INDUSTRIAL APPLICABILITY According to the present invention, the present invention can be applied to applications such as an audio reproduction device that summarizes and reproduces audio from an audio database and a program for realizing the audio reproduction device by a computer. Further, the present invention can also be applied to a TV / WEB conference apparatus equipped with a function for reproducing audio and a program for realizing the TV / WEB conference apparatus by a computer.

Claims

An audio data storage unit storing audio data;
An audio data dividing unit for dividing the audio data into several utterance unit data;
An importance calculation unit that calculates importance of each utterance unit data based on importance information specified in advance including importance by keywords and importance by a speaker;
A summary unit that selects the utterance unit data in descending order of importance within a range in which the total utterance time falls within a previously specified time;
An audio data summary reproduction apparatus comprising: an audio data reproduction unit that sequentially reproduces and outputs the selected utterance unit data.
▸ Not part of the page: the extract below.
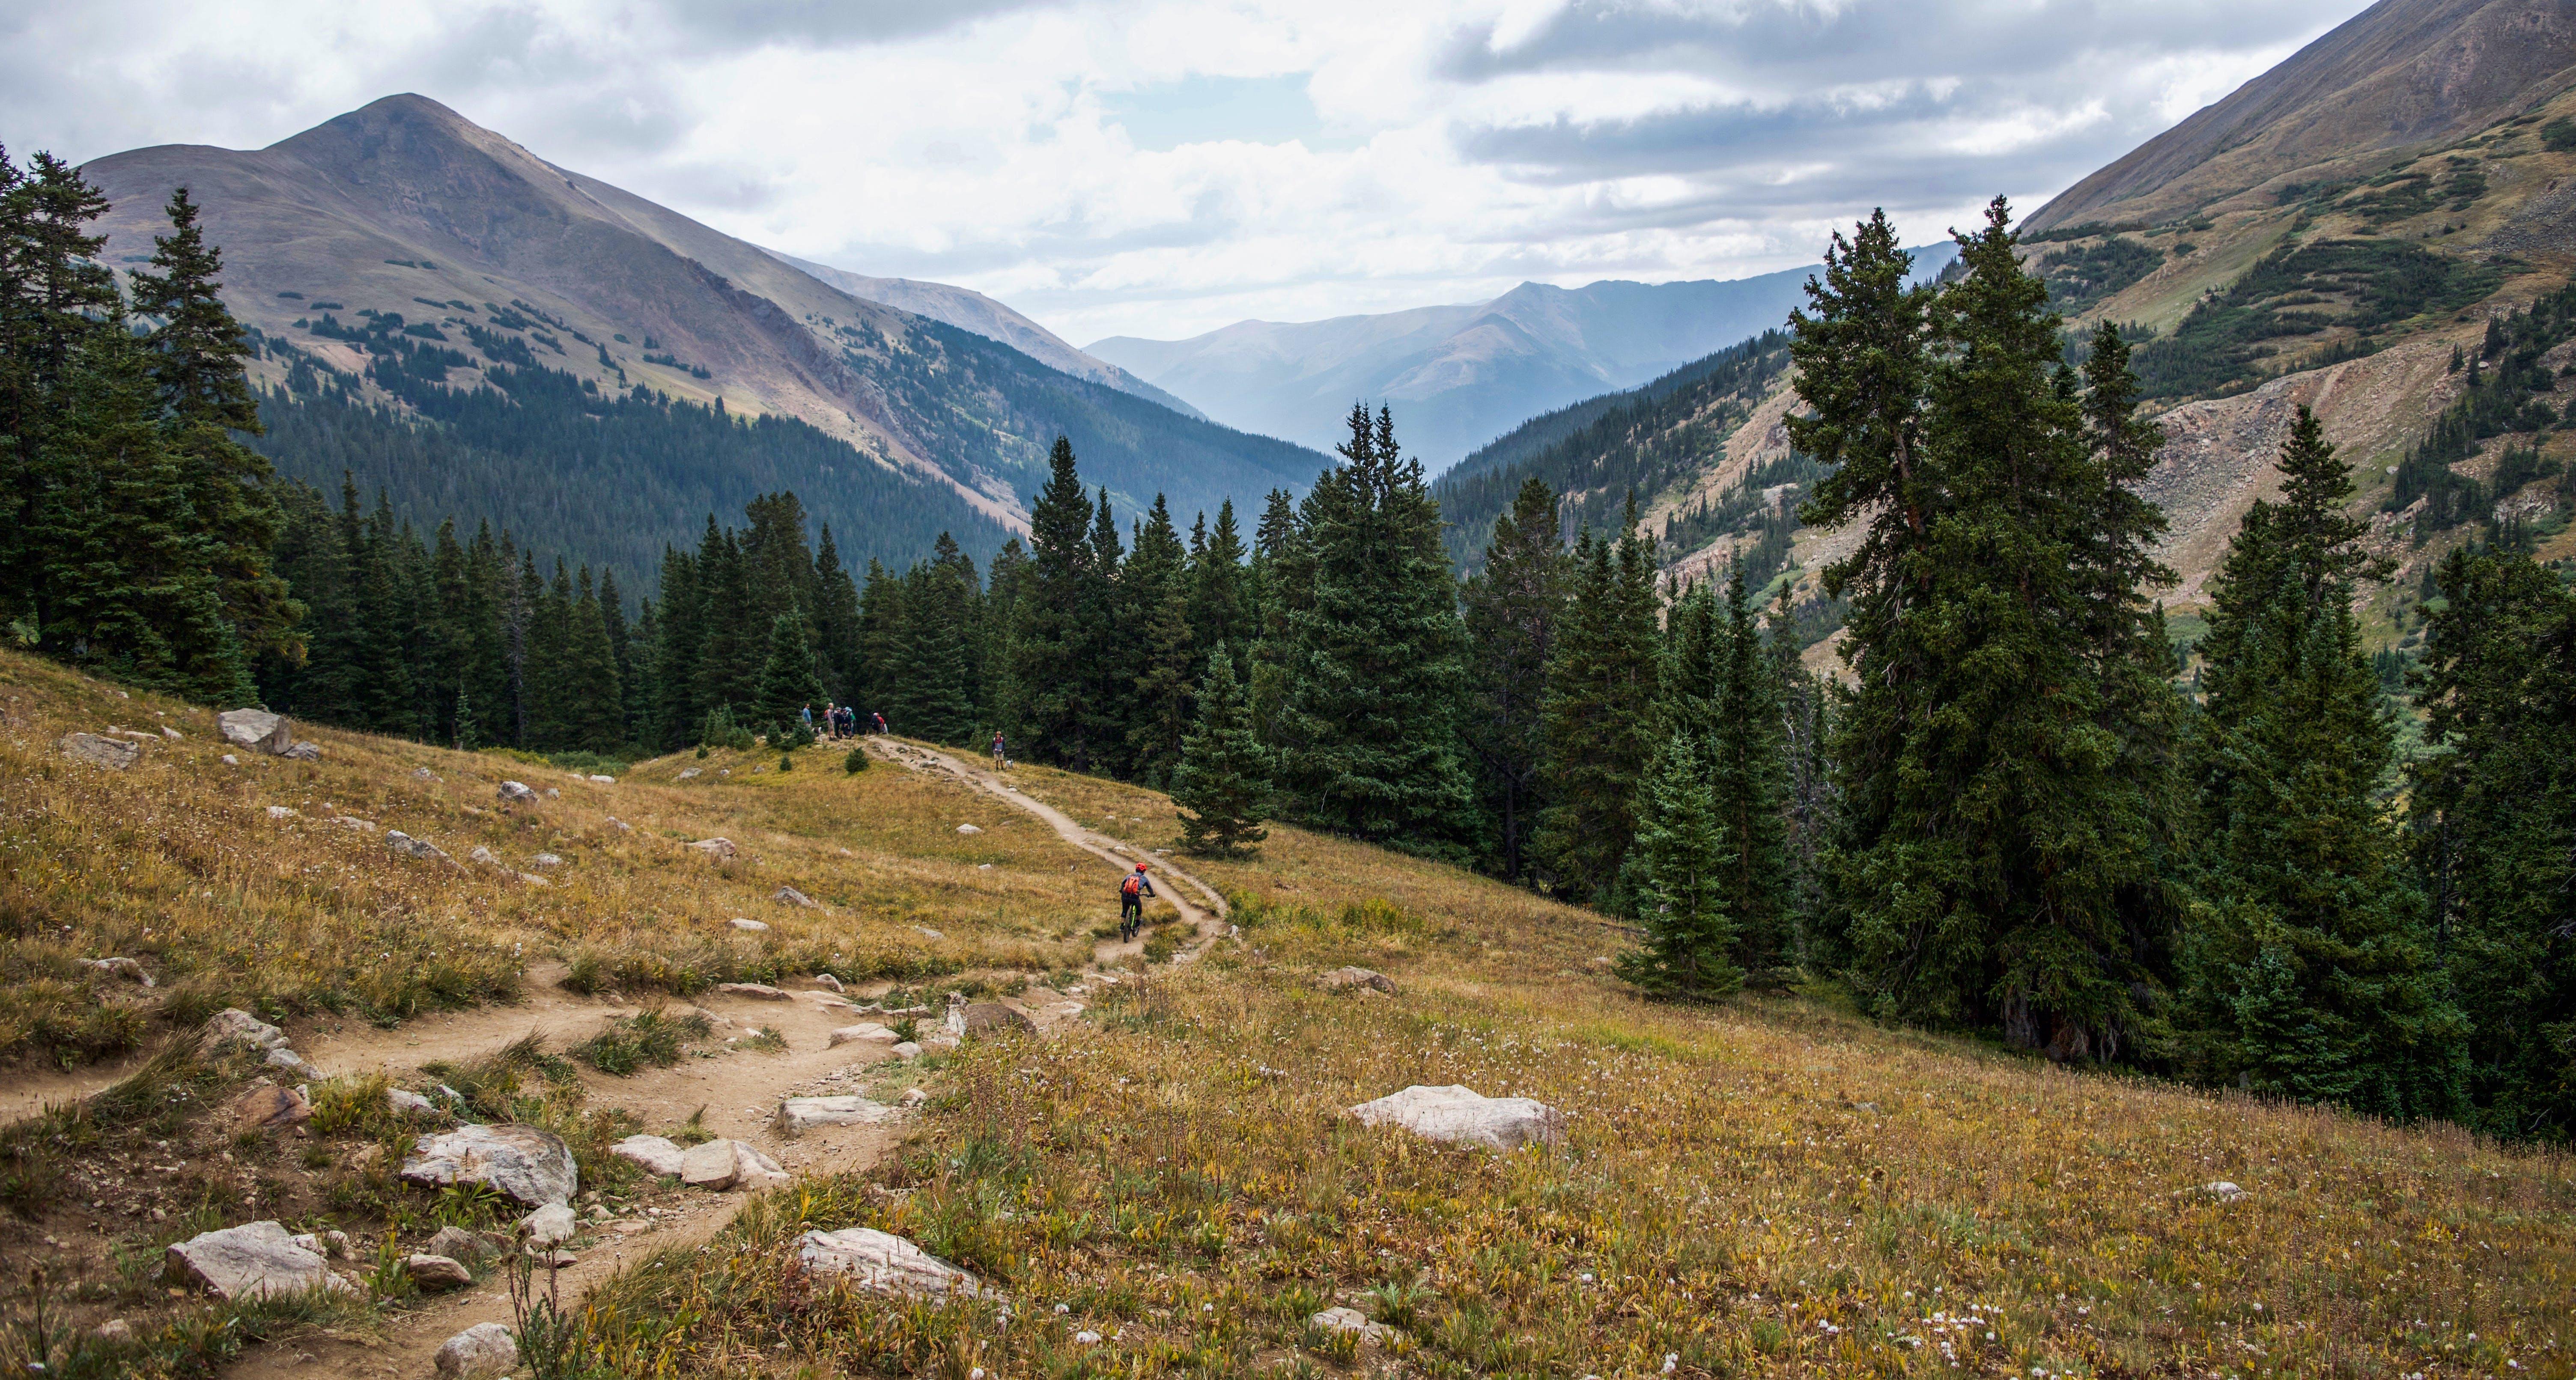 Kostenloses Stock Foto zu abenteuer, alpin, bäume, berg

In the audio data summary reproduction device according to claim 1,
A voice data summary reproduction device having a function in which the summarizing unit selects the utterance unit data in descending order of importance within a range in which the total utterance time is within a specified time inputted and operated by a user's operation. .

In the audio data summary reproduction device according to claim 1 or 2,
An importance level information determination unit that determines the importance level information by an input by a user's operation, and the importance level calculation unit is configured to determine each utterance unit based on the importance level information determined by the importance level information determination unit. An audio data summary playback device having a function of calculating the importance of data.
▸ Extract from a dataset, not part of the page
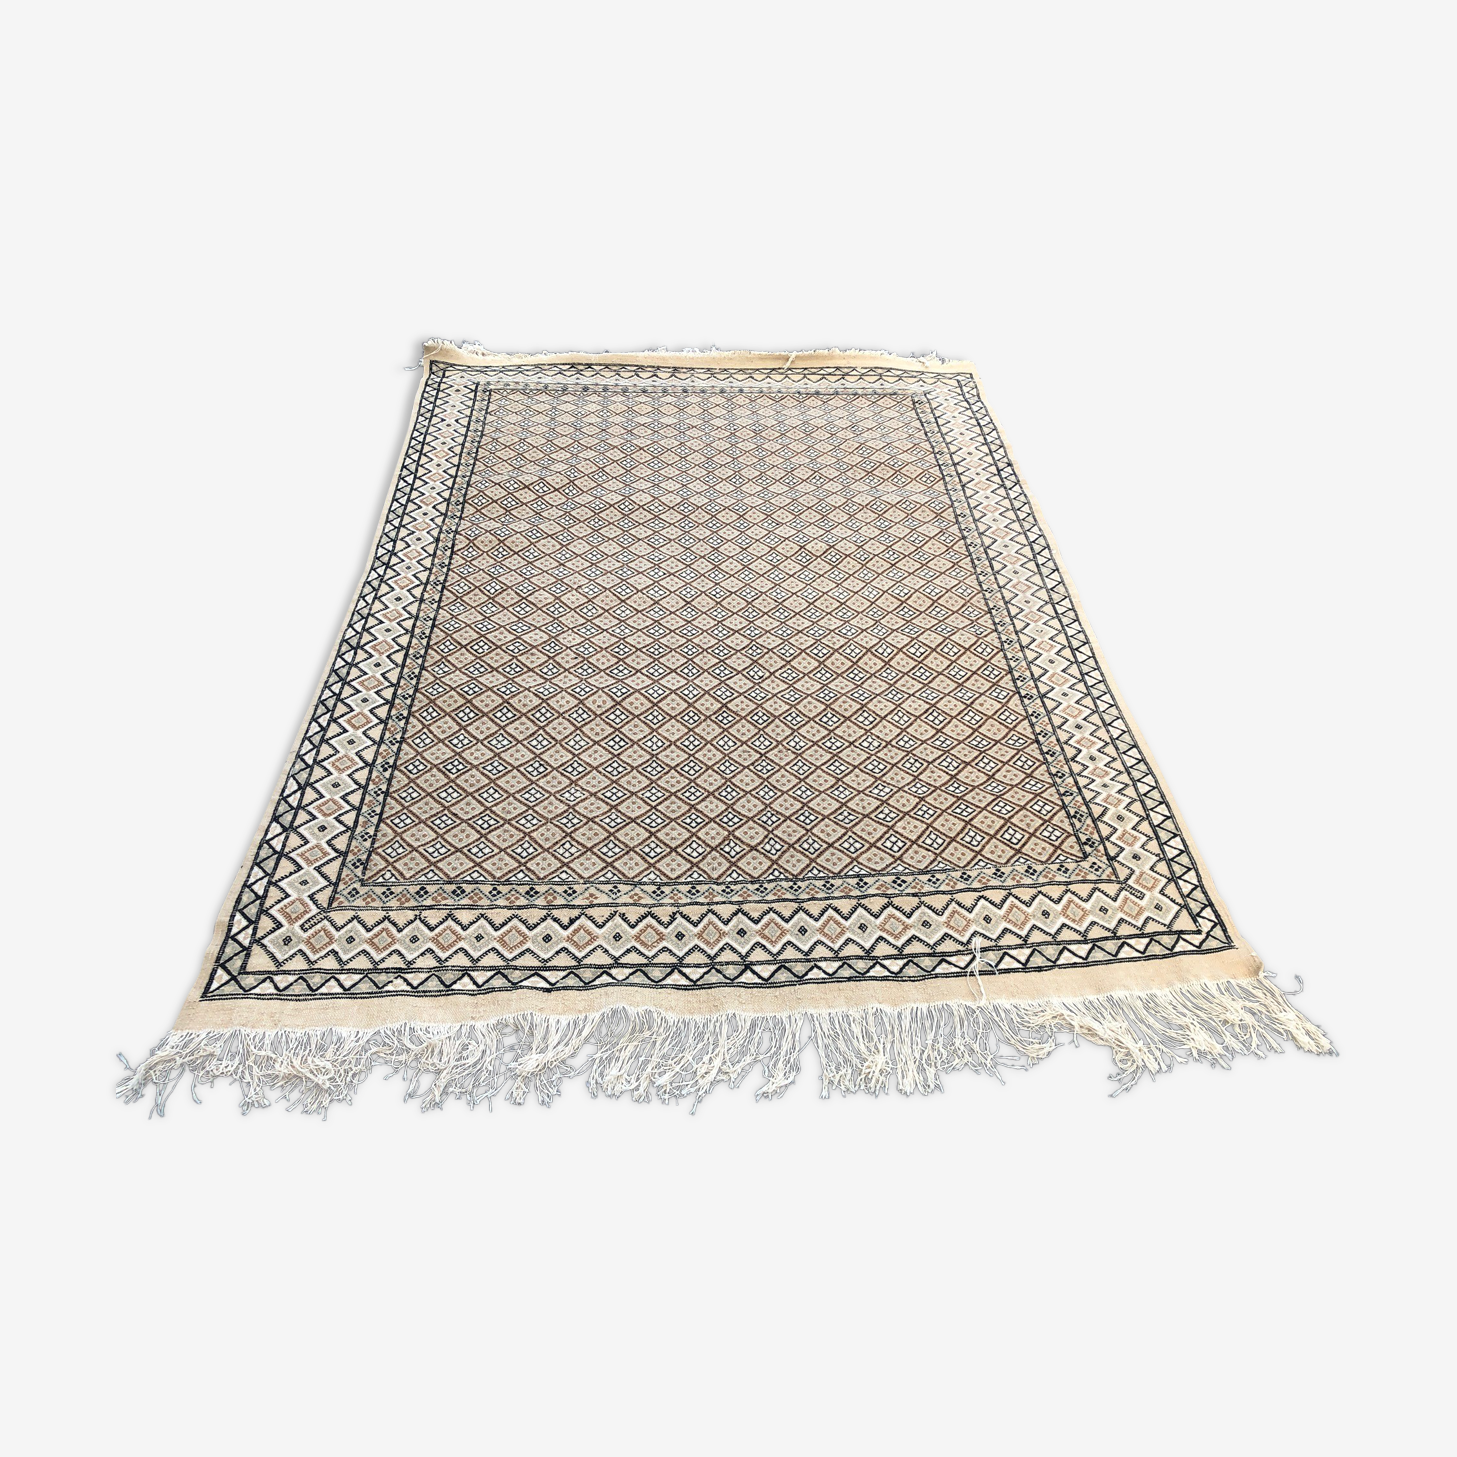 Handmade wool rug of the 1970s 240x170cm

In the audio data summary reproduction device according to any one of claims 1 to 3,
An audio data summary reproduction apparatus, wherein the audio data dividing unit has a function of dividing the audio data at a delimiter point such as a change of a speaker or a silent section in the audio data.

In the audio data summary reproduction device according to claim 4,
A priority is set for each content of the delimiter points, and the audio data dividing unit delimits the high priority so that the utterance time of each of the utterance unit data falls within a predetermined time. An audio data summary reproducing apparatus having a function of selecting the audio data in order from a point and dividing the audio data.
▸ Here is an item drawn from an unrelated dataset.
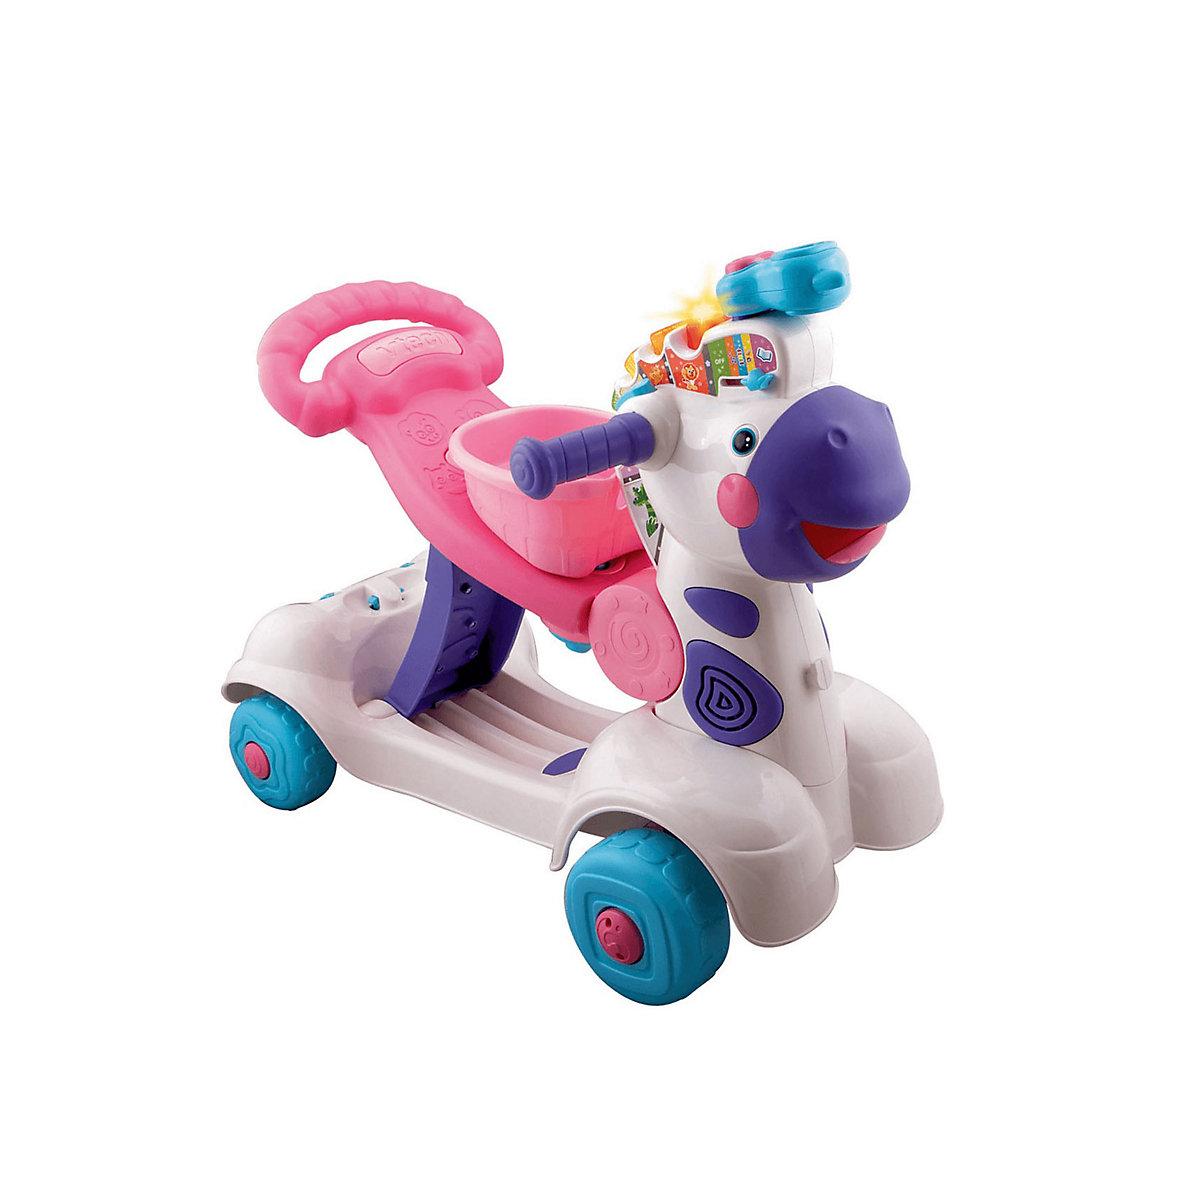 Vtech Zebra Scooter 3 In 1 Pink

In the audio data summary reproduction device according to any one of claims 1 to 5,
An audio data summary reproduction device, wherein the audio data reproduction unit has a function of reproducing and outputting the utterance unit data selected by the summary unit in time series.

In the audio data summary reproduction device according to any one of claims 1 to 5,
An audio data summary reproduction apparatus, wherein the audio data reproduction unit has a function of reproducing and outputting the utterance unit data selected by the summary unit in descending order of importance.

In the audio data summary reproduction device according to any one of claims 1 to 7,
Speech data summarization comprising a text information display unit for displaying speech unit data information including a speaker of the speech unit data, speech time, and a speech recognition result character string as text information when the speech unit data is reproduced. Playback device.

A voice data dividing step for dividing the voice data stored in advance into several utterance unit data;
An importance calculation step for calculating the importance of each utterance unit data based on importance information specified in advance including importance by keywords and importance by a speaker;
A voice data summarizing step of selecting the utterance unit data in descending order of importance within a range in which the total utterance time falls within a previously specified time;
A voice data summary reproduction method including a voice data reproduction step of sequentially reproducing and outputting the selected utterance unit data.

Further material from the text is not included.